Repository: rG LLVM Github Monorepo

Event Timeline

nikic created this revision.Mar 14 2021, 8:52 AM

Herald added subscribers: pengfei, hiraditya. · View Herald TranscriptMar 14 2021, 8:52 AM

nikic requested review of this revision.Mar 14 2021, 8:52 AM

Herald added a project: Restricted Project. · View Herald TranscriptMar 14 2021, 8:52 AM

Herald added a subscriber: llvm-commits. · View Herald Transcript

Harbormaster completed remote builds in B93709: Diff 330512.Mar 14 2021, 9:38 AM

My feeling is that this fix is a work-around for what is a regression llvm11->12. Here's a comment I had sitting incomplete since yesterday in bugzilla:

Short summary of what I think is happening here:

FastISel::handlePHINodesInSuccessorBlocks is called from FastISel::selectInstruction before the branch is lowered. This generates a constant 0, clobbering the flags. Later, when lowering the branch itself, we have this code:

https://github.com/llvm/llvm-project/blob/fcdf7f6224610a51dc2ff47f2f1e3377329b64a7/llvm/lib/Target/X86/X86FastISel.cpp#L1758-L1769

which figures it is able to fold no problem.

In versions <=11 the handlePHINodesInSuccessorBlocks would insert the instruction for producing the constant 0 at the beginning of the MachineBB, now it only does so right before looking at the terminator.

Spent some time bisecting, the regression is somewhere in the range of a57def30f539..d79642b3db1d.

I'm hoping to finish the bisection today and look at the reasoning for the diff/commit that introduced the regression in the first place. If its not serious, it might make more sense to simply revert it.

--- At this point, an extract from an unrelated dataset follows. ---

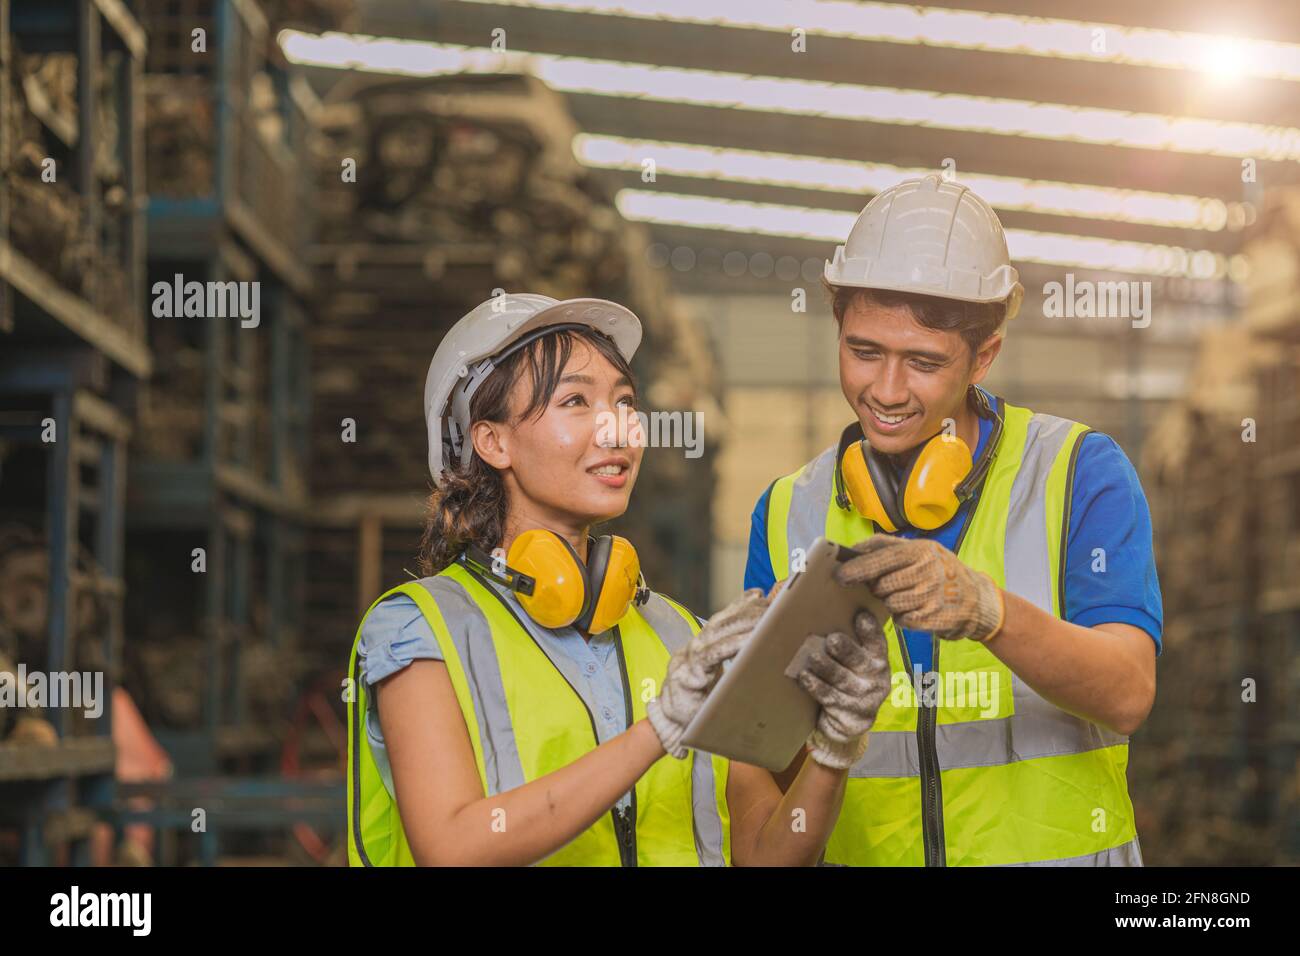 Asiatische junge Männer und Frauen, die Teamingenieure arbeiten, unterstützen gemeinsam mit einem glücklichen Lächeln auf dem Tablet, um in der Fabrikindustrie zu arbeiten. Stockfoto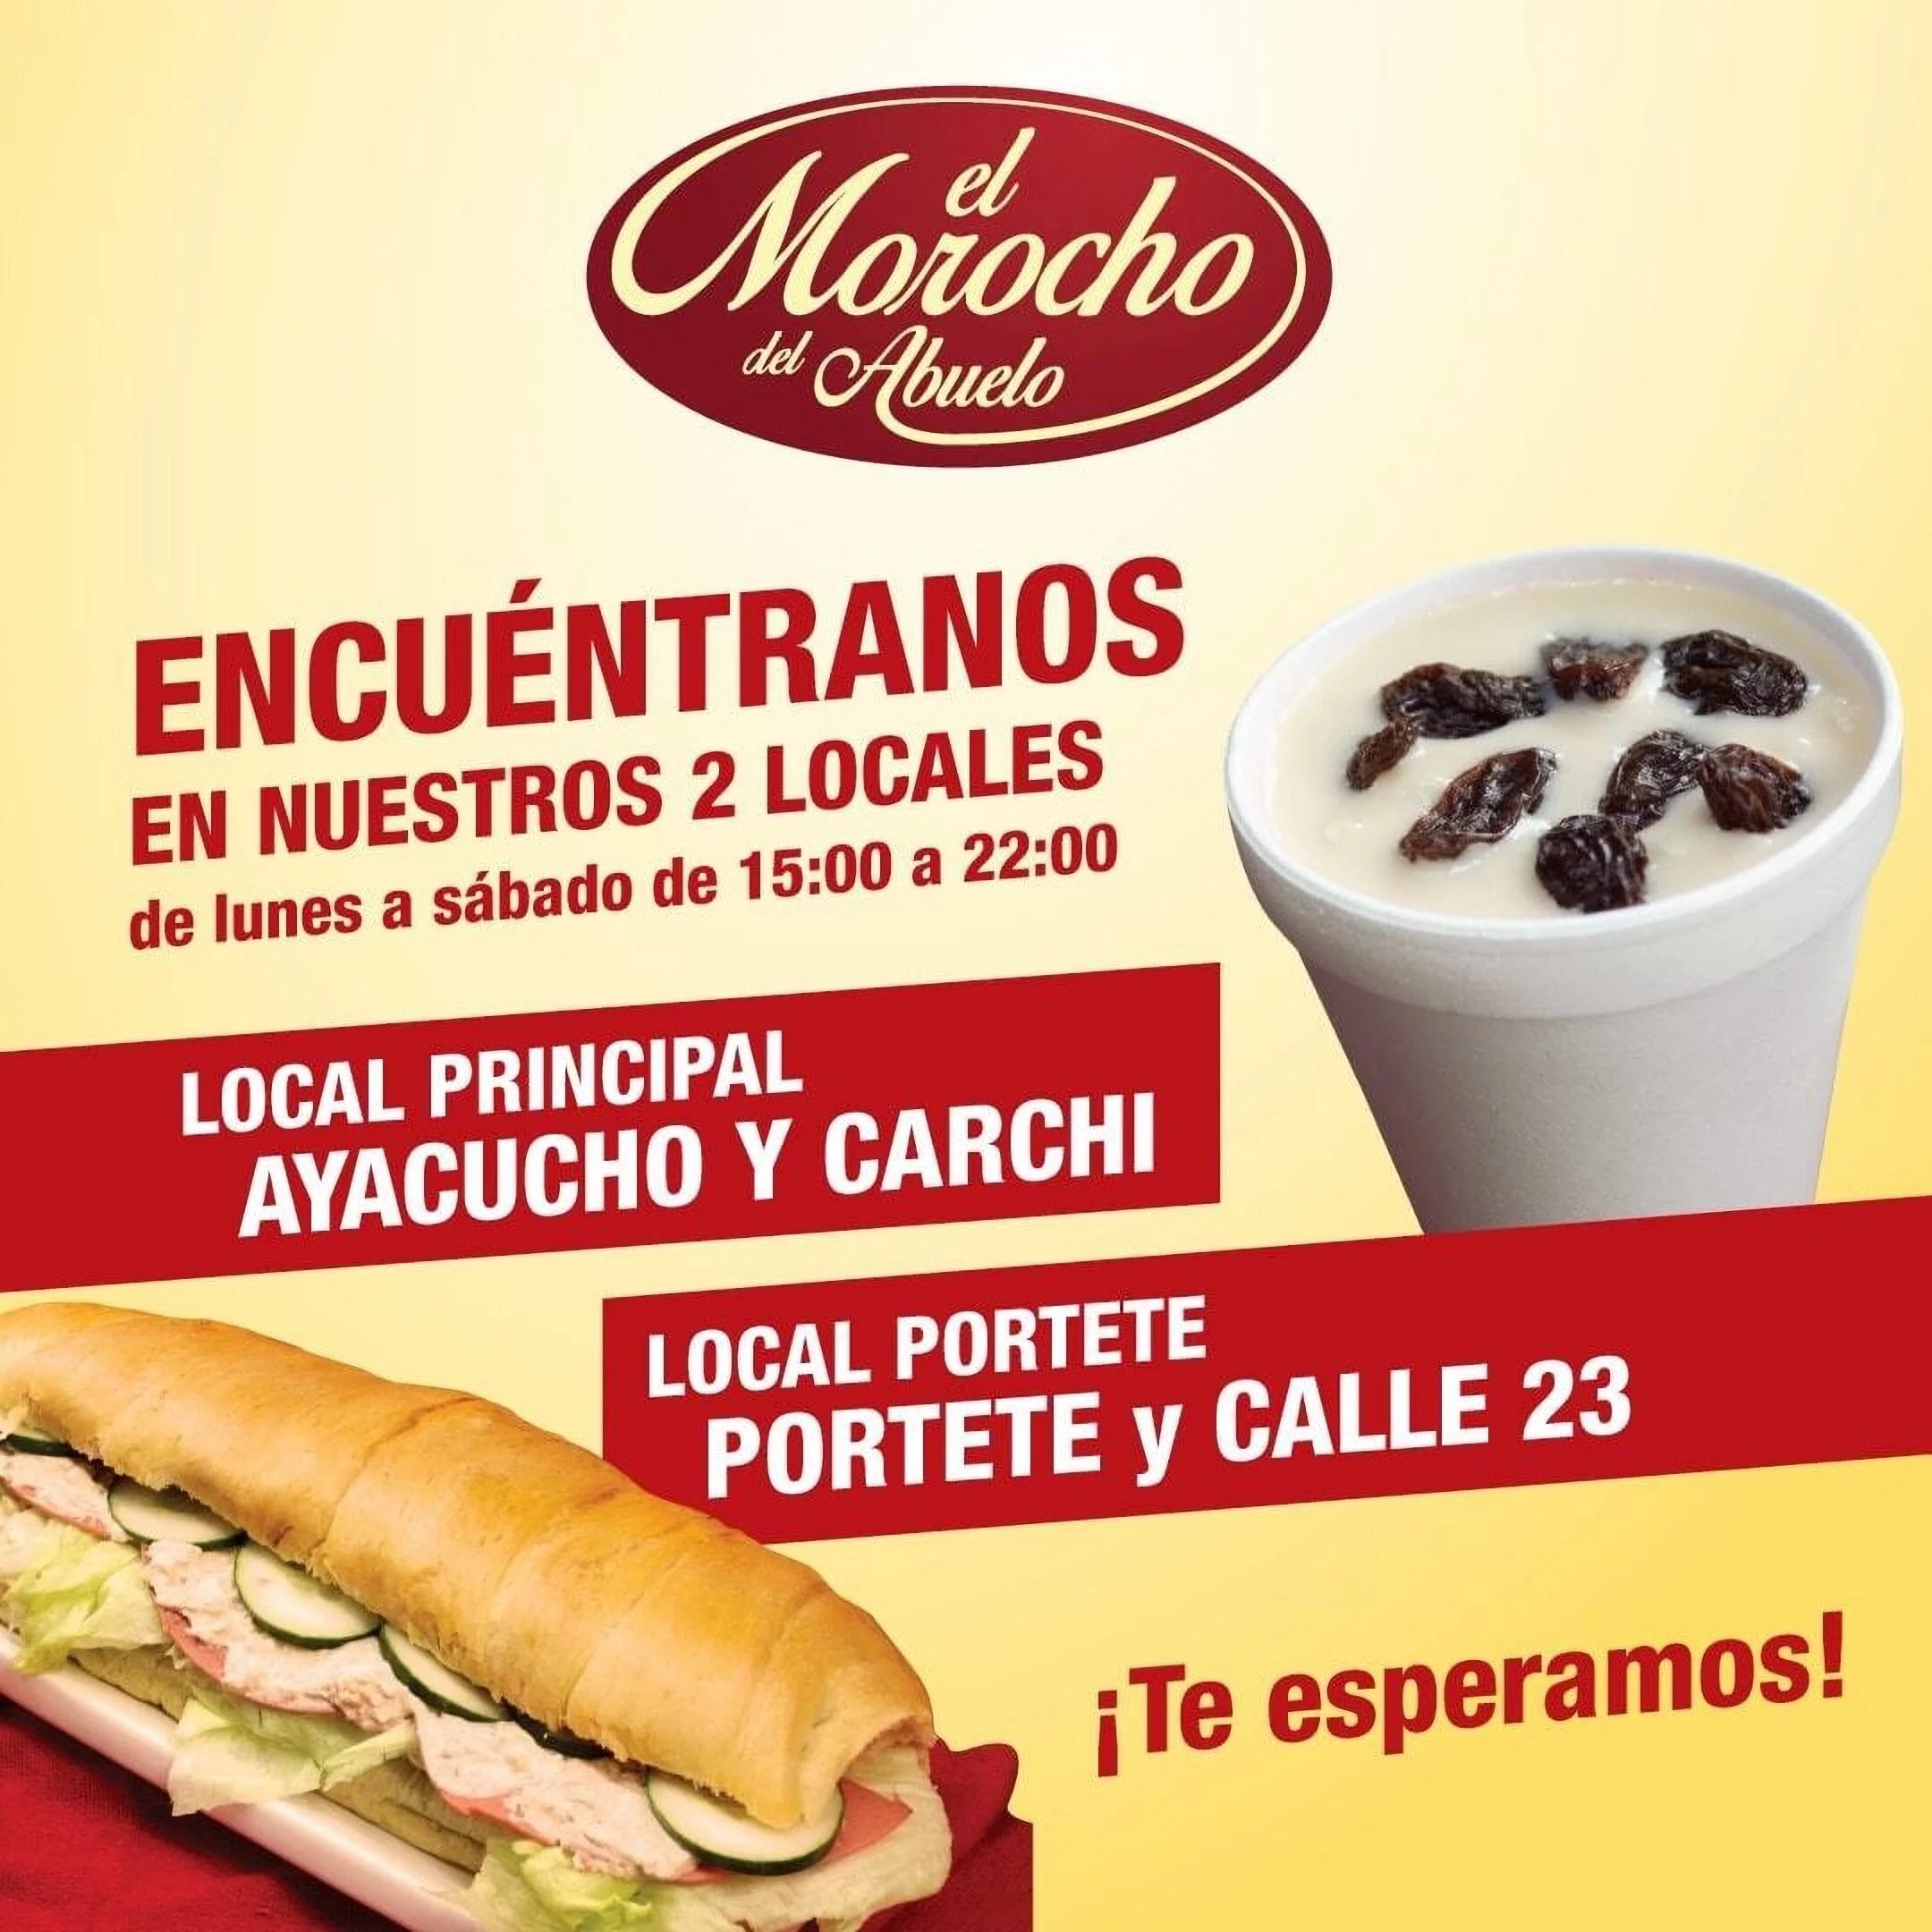 Restaurantes-el-morocho-del-abuelo-17147

@nagisa I'm pretty sure that this issue got exposed as a side-effect of D91734, but I don't think that change is to blame -- it just breaks some assumptions in existing code regarding where local values can be (re)materialized.

Yeah that looks like the one.

Alright, in that case, then, there are a couple other alternative approaches that I think would likely address this class of problems in a more general way:

First, changing the emission of constant->register moves to always produce a mov, thus no longer clobbering the flags ever. This way adding arbitrary constant production all over the place wouldn't have potentially far reaching consequences.

Alternatively, mayhaps it is possible to check that we haven't inserted any machine instructions between the code generated for the intrinsic and the branch? That would make the "Make sure nothing is in the way" check significantly more direct, I feel.

(But also, feel free to ignore me, I'm not nowhere near familiar enough with FastISel to be able to say what it ought to look like)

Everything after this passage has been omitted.